Your FPIC Protocol Is Yours to Design, Not Theirs to Give You
Why Indigenous Peoples don't need permission to exercise their own rights.
Sorry for the late post.
I was considering what to talk about this week, so decided to talk about a pattern I keep seeing.
Indigenous Peoples’ community approaches a State, company, or conservation NGO and says, “We want FPIC.” The response: “Great! Let’s co-design an FPIC protocol together.”
Sounds collaborative. Here’s what’s actually happening: You’re being invited to co-design a process for exercising a right you already possess. It’s like collaborating with someone on the rules for entering your own home.
Then there’s the other version. A proponent arrives and announces: “Don’t worry, we have our FPIC process.”
Both reveal the same misunderstanding. And if you don’t catch it, you’ll spend your energy in the wrong place.
The Reality
There is no such thing as a proponent’s FPIC process.
FPIC flows from Indigenous Peoples’ right to self-determination. It is your inherent authority to make decisions about your territories and futures. It cannot be designed, owned, or administered by the party seeking your consent.
When a company presents “their” FPIC process, they’ve already decided:
What information to provide and when
How many meetings count as “adequate”
What timeline fits their financing
What grievance mechanisms route back through their systems
Then they call whatever emerges “consent.”
It isn’t. They’ve compromised every element before you even entered the room.
When someone offers to “co-design” your protocol, ask: Who holds the pen? Who controls the timeline? Who decides what’s good enough?

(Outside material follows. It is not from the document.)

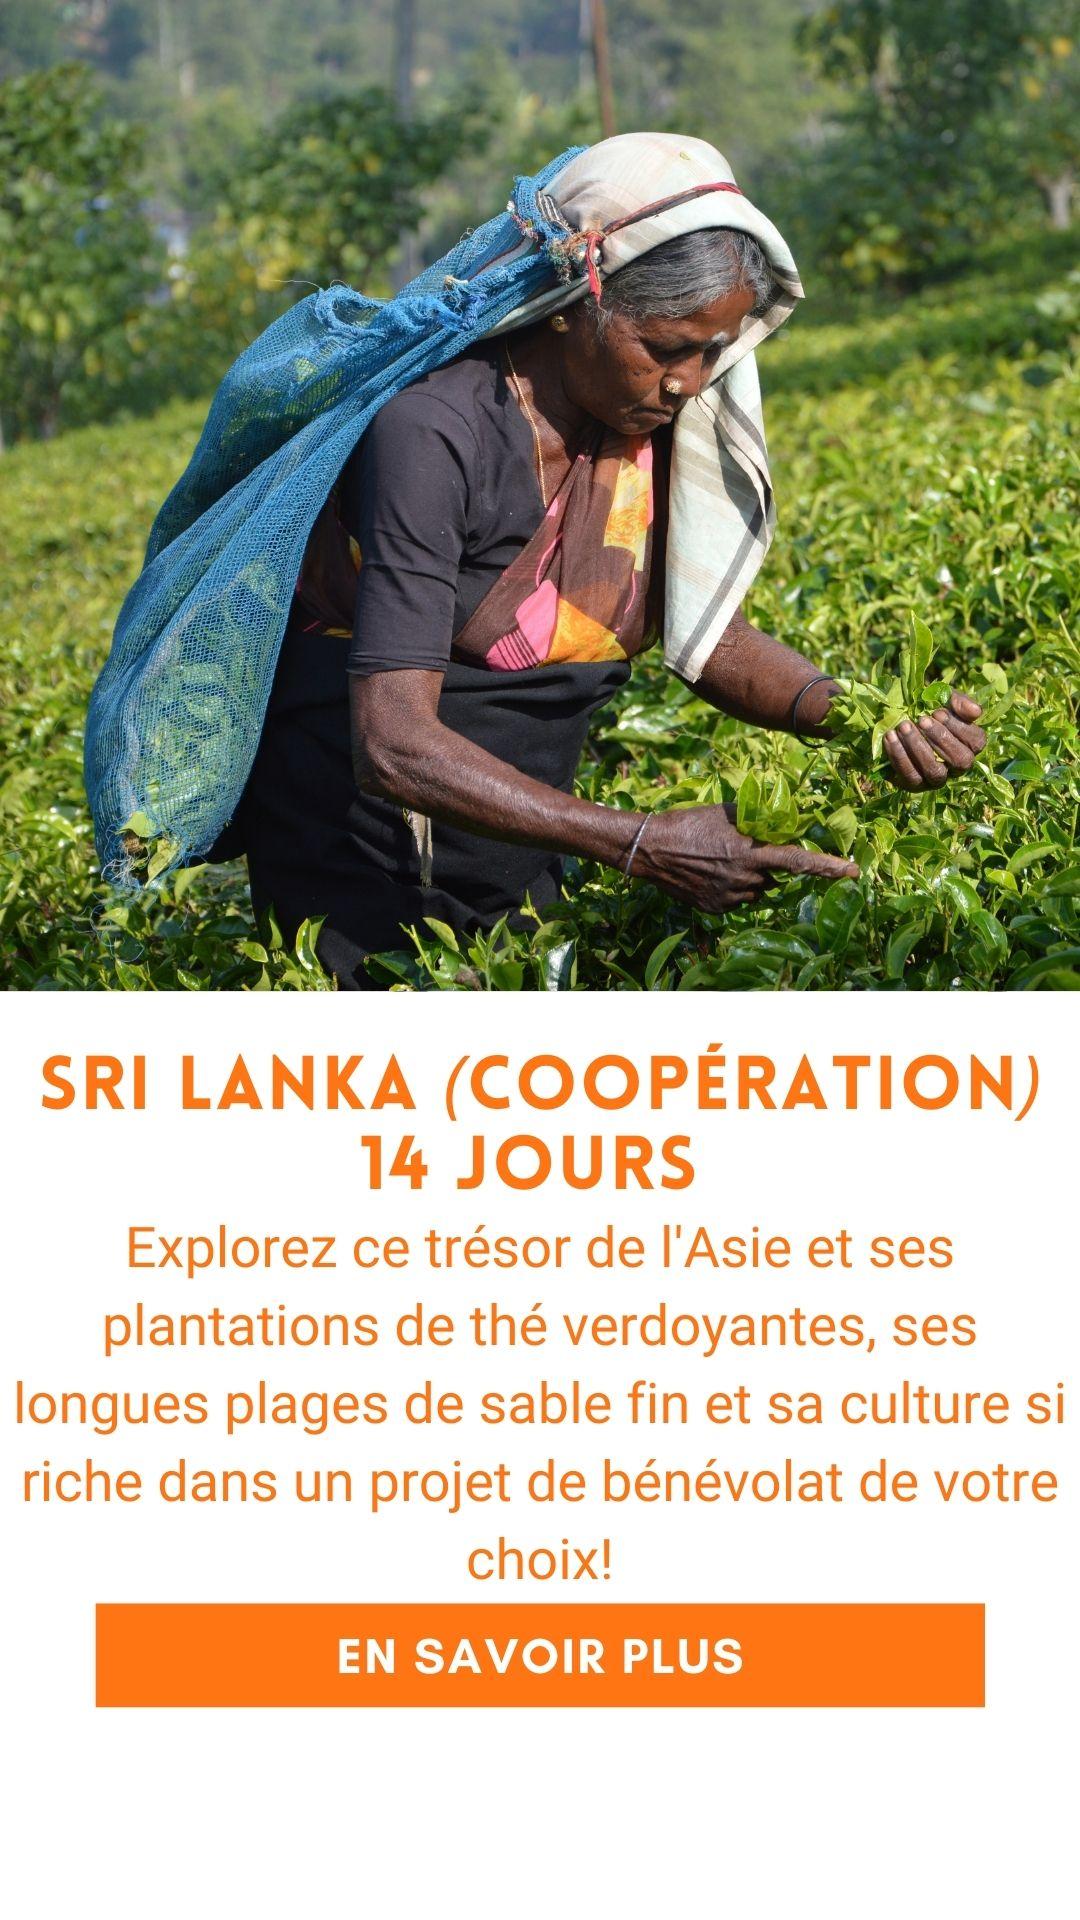 Voyage organisé au Sri Lanka (voyage humanitaire)
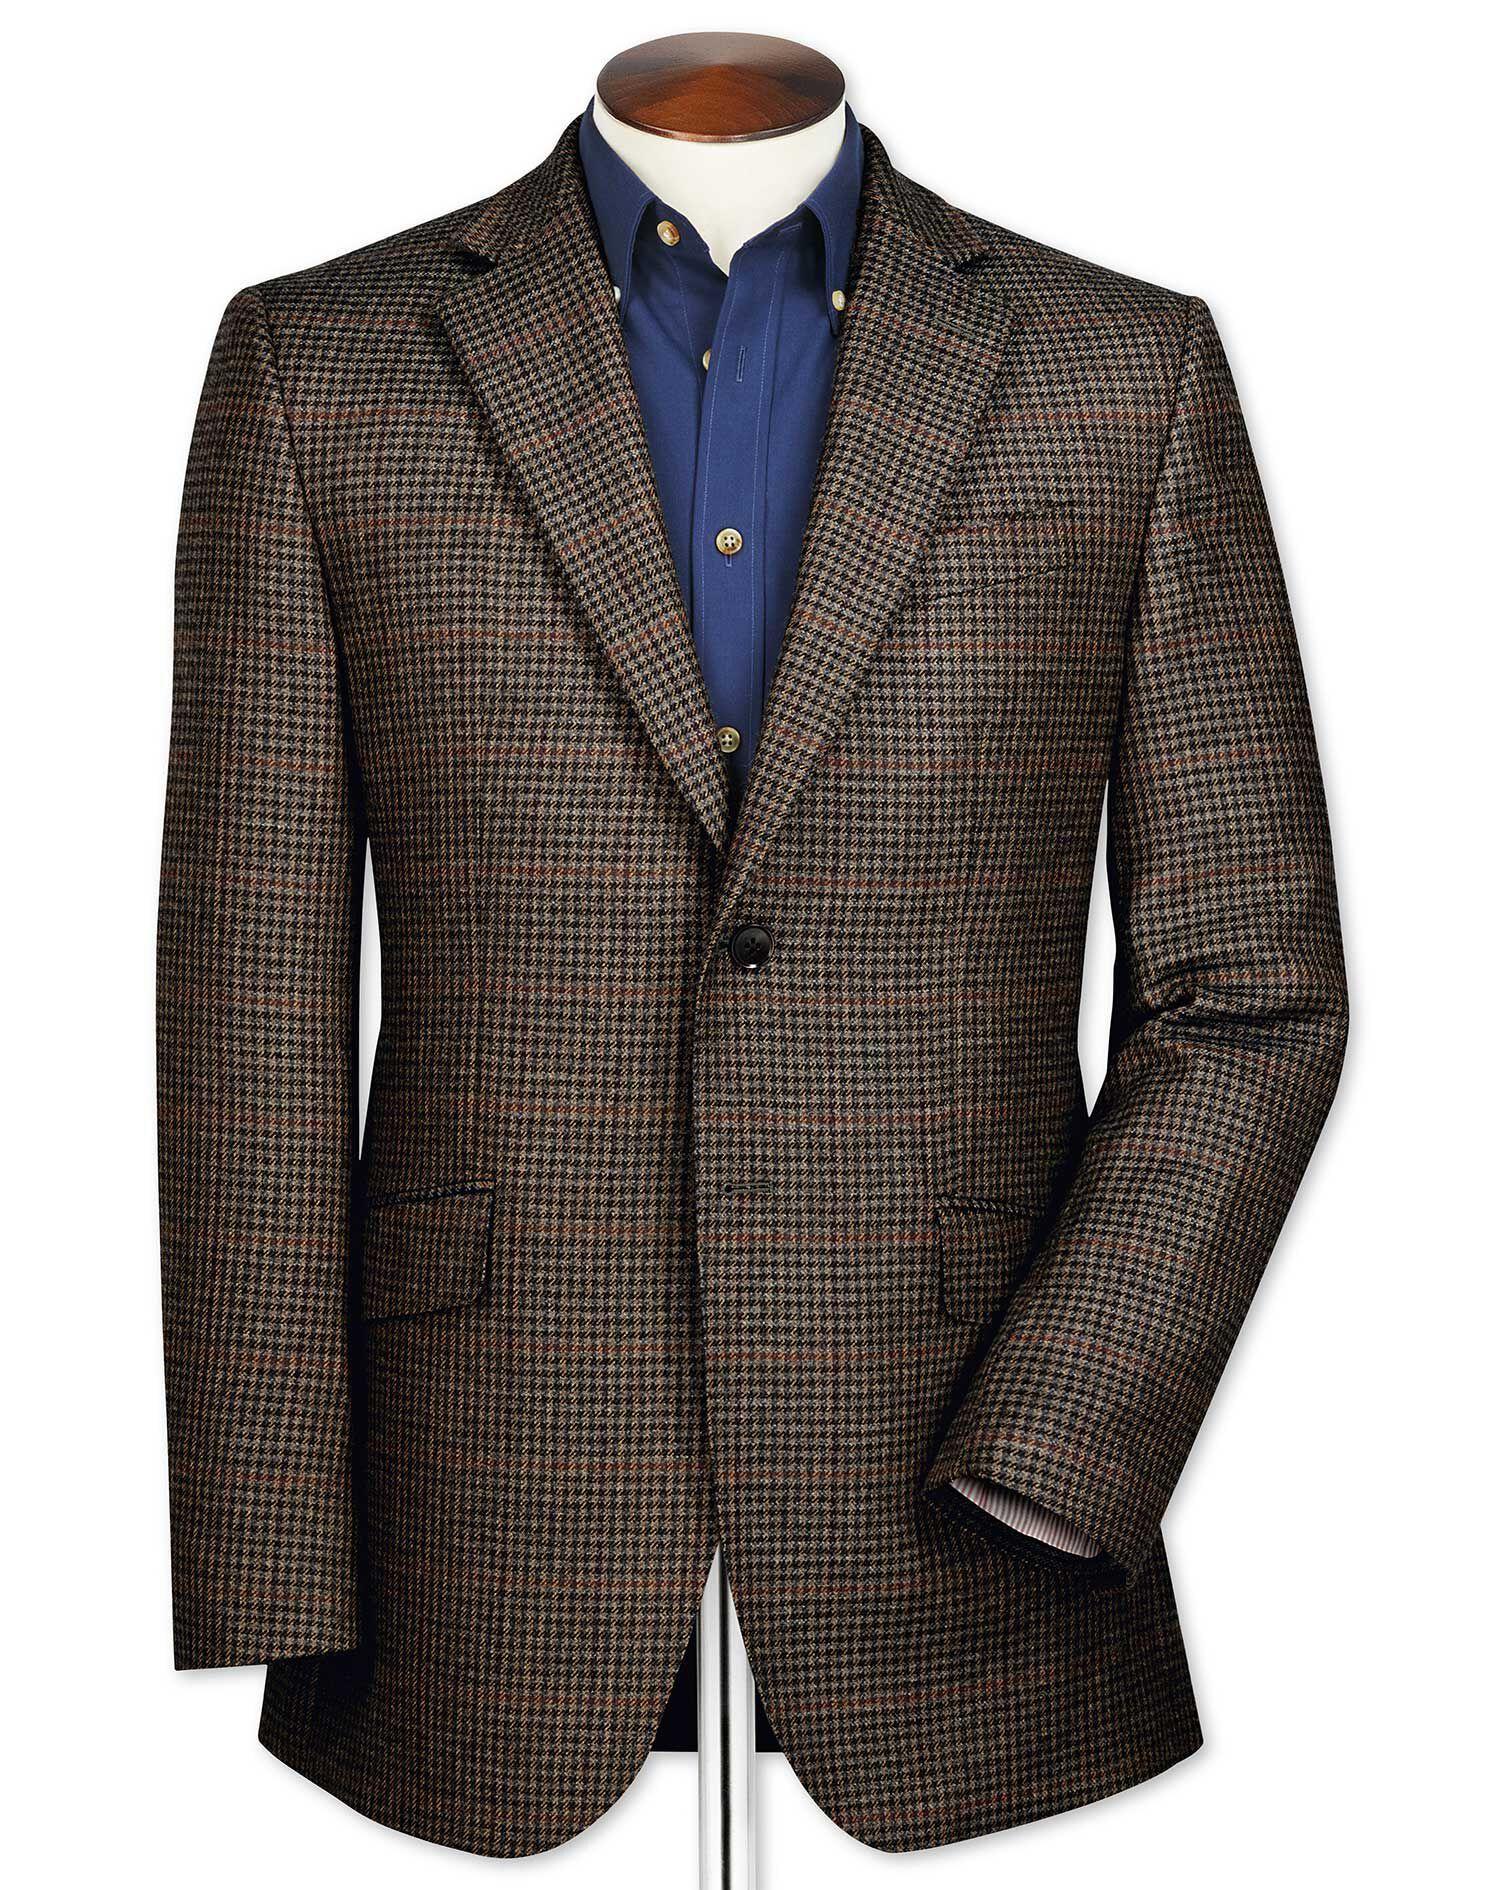 Classic Fit Brown Semi-Plain Lambswool Wool Jacket Size 46 Regular by Charles Tyrwhitt

The answer tells you who actually owns the process. And whoever owns the process shapes the outcome.
The Shift
Working with my traditional council, we built something different: A journey framework for Indigenous Peoples’ communities to design their own FPIC protocols before any proponent shows up. A step-by-step journey. A framework. A strategy.
Not co-designed with outsiders. Not reactive to someone else’s proposal. Developed on your terms, in your time, from your values.
The difference matters:
Your values first. The protocol starts from your connection to land, your obligations to future generations, your governance. Not from project categories designed elsewhere.
Your governance at the center. How does your community actually make collective decisions? Who needs to be heard? Those answers come from within.
Your timeline. You develop your protocol before anyone comes knocking. You’re not scrambling while their lawyers set deadlines.
Your authority. The protocol isn’t something you negotiate. It’s something you present as established community law.
When a proponent arrives, the dynamic is clear: “This is how engagement with our community works. If you can’t meet our conditions, we have nothing to discuss.”
The Point
FPIC is not a risk management tool for project proponents. It’s not a stage in their approval workflow. It’s not something they administer while you participate.
FPIC is an operationalized form of self-determination. The process belongs to you.
A proponent’s role is to seek consent according to your protocol. They are the supplicant, not the architect.
If you’re asking a State, NGO, or company to help you design how you exercise your own rights, you’re preparing for the wrong fight. The leverage is in having your protocol ready before they arrive, not in negotiating what it should look like once they’re at the table.
No one gave you this right. No one can design the process for you.
The only question is whether you’ll take that journey yourselves.